Each entry is to be given again exactly; drop the images.

Data extracted from a collection:
======

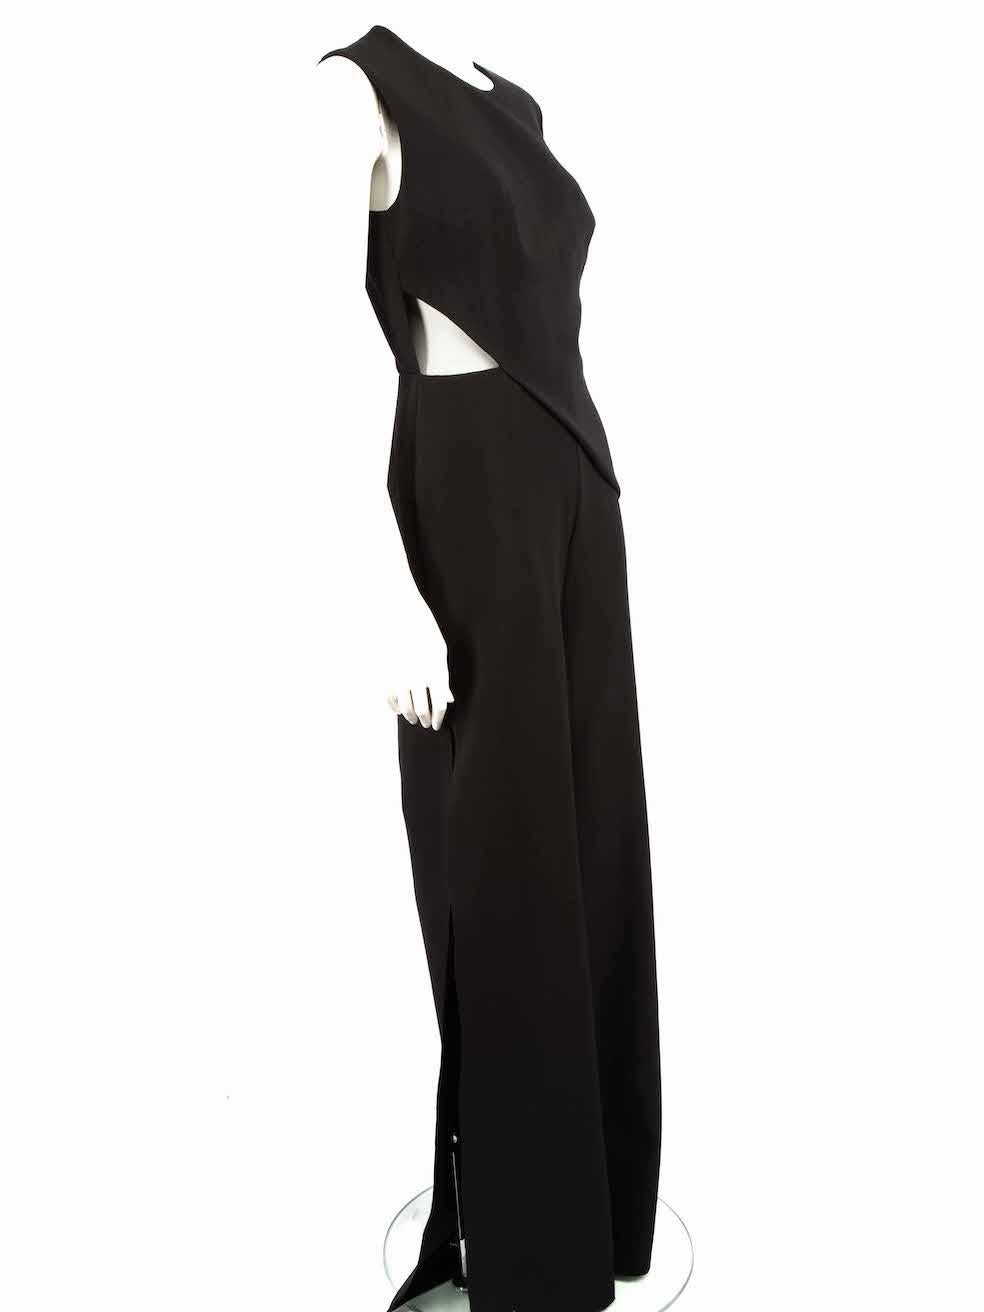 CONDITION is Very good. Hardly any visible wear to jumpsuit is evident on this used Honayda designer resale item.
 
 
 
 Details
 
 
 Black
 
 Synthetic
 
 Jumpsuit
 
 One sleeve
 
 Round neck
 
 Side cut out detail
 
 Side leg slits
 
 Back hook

======

** Result for this task **
 CONDITION is Very good. Hardly any visible wear to jumpsuit is evident on this used Honayda designer resale item.
 
 
 
 Details
 
 
 Black
 
 Synthetic
 
 Jumpsuit
 
 One sleeve
 
 Round neck
 
 Side cut out detail
 
 Side leg slits
 
 Back hook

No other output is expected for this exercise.